It's more cool to participate in a startup and build crappy software.

------
phs318u
Agreed. 'Software engineers' are not actual engineers for the same reason that
bridges and buildings don't come with an end-user license agreement that
disclaims liability for a faulty product.

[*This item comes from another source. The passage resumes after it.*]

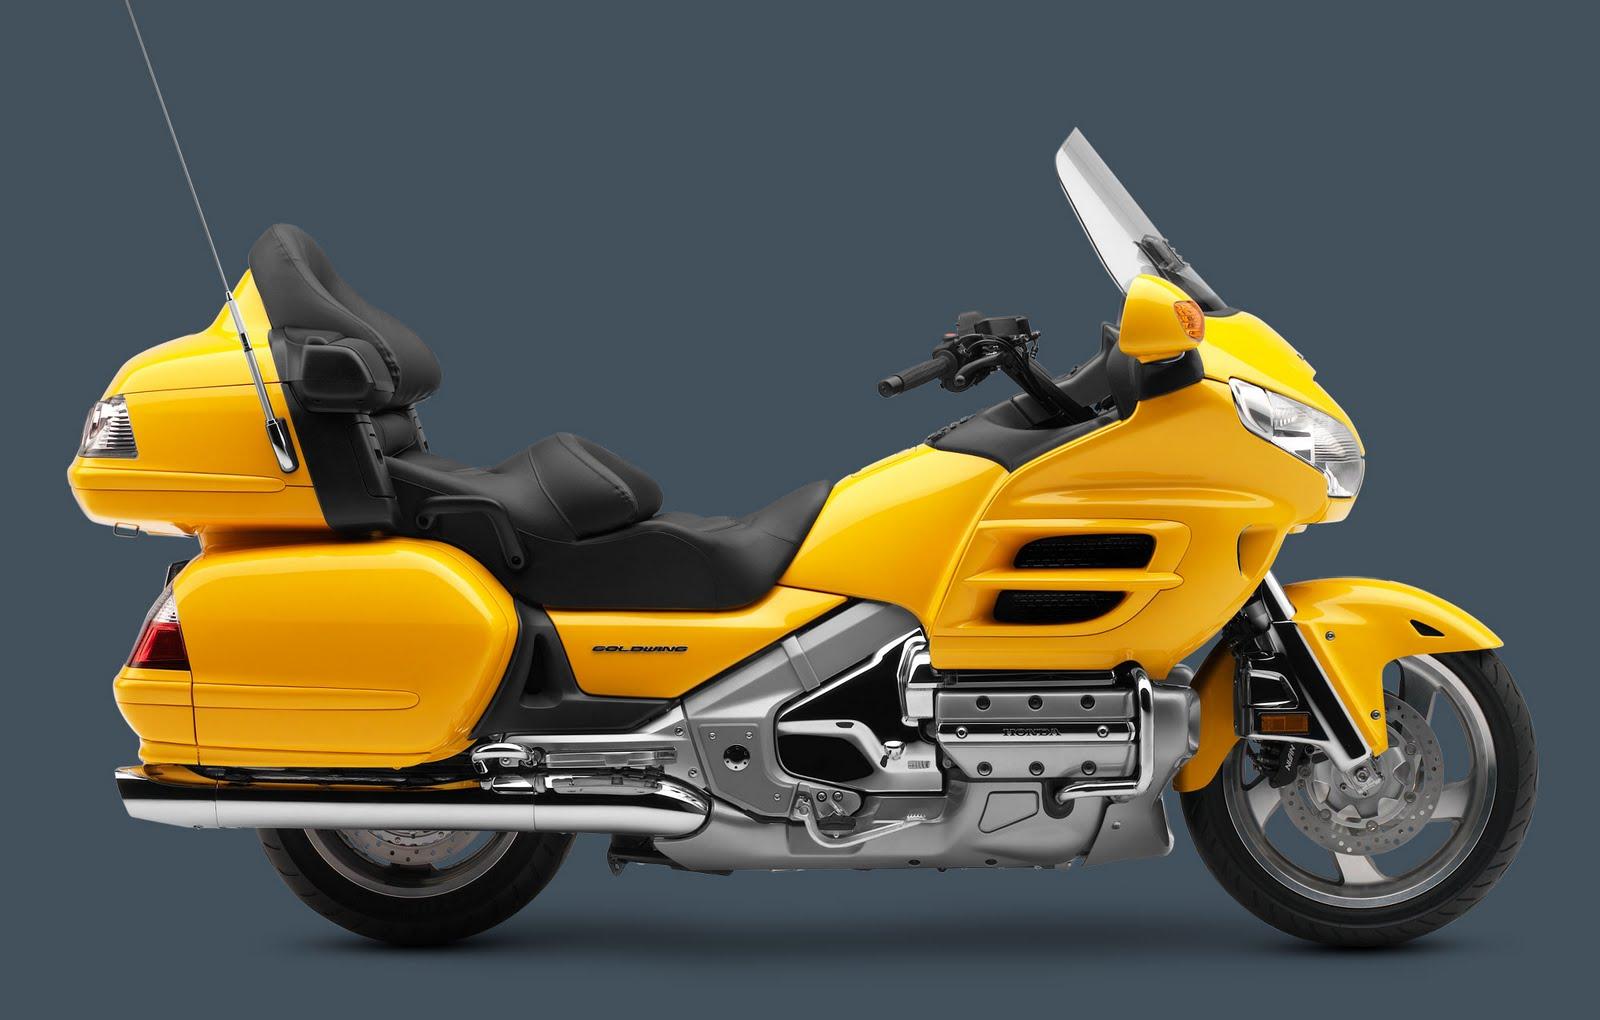 top motorcycle inc 2012 honda goldwing. Black Bedroom Furniture Sets. Home Design Ideas

"BY SETTING FOOT ON THE BRIDGE YOU ACKNOWLEDGE AND AGREE THAT THE BRIDGE IS
PROVIDED ON AN 'AS IS' BASIS AND THAT YOUR USE AND RELIANCE ON THE BRIDGE
THEREBY IS AT YOUR SOLE RISK AND DISCRETION. COMPANY AND ITS AFFILIATES,
PARTNERS AND SUPPLIERS HEREBY DISCLAIM ANY AND ALL REPRESENTATIONS, WARRANTIES
AND GUARANTIES REGARDING THE BRIDGE WHETHER EXPRESS, IMPLIED OR STATUTORY,
INCLUDING, WITHOUT LIMITATION, THE IMPLIED WARRANTY OF FITNESS FOR A
PARTICULAR PURPOSE. FURTHERMORE, COMPANY AND ITS AFFILIATES, PARTNERS AND
SUPPLIERS MAKE NO WARRANTY THAT (I) THE BRIDGE WILL MEET YOUR REQUIREMENTS;
(II) THE BRIDGE WILL BE STRUCTURALLY SOUND, RELIABLE, SECURE AND ERROR-FREE;
(III) THE QUALITY OF THE BRIDGE WILL BE AS REPRESENTED OR MEET YOUR
EXPECTATIONS; OR (IV) ANY FAULTS IN THE BRIDGE WILL BE CORRECTED."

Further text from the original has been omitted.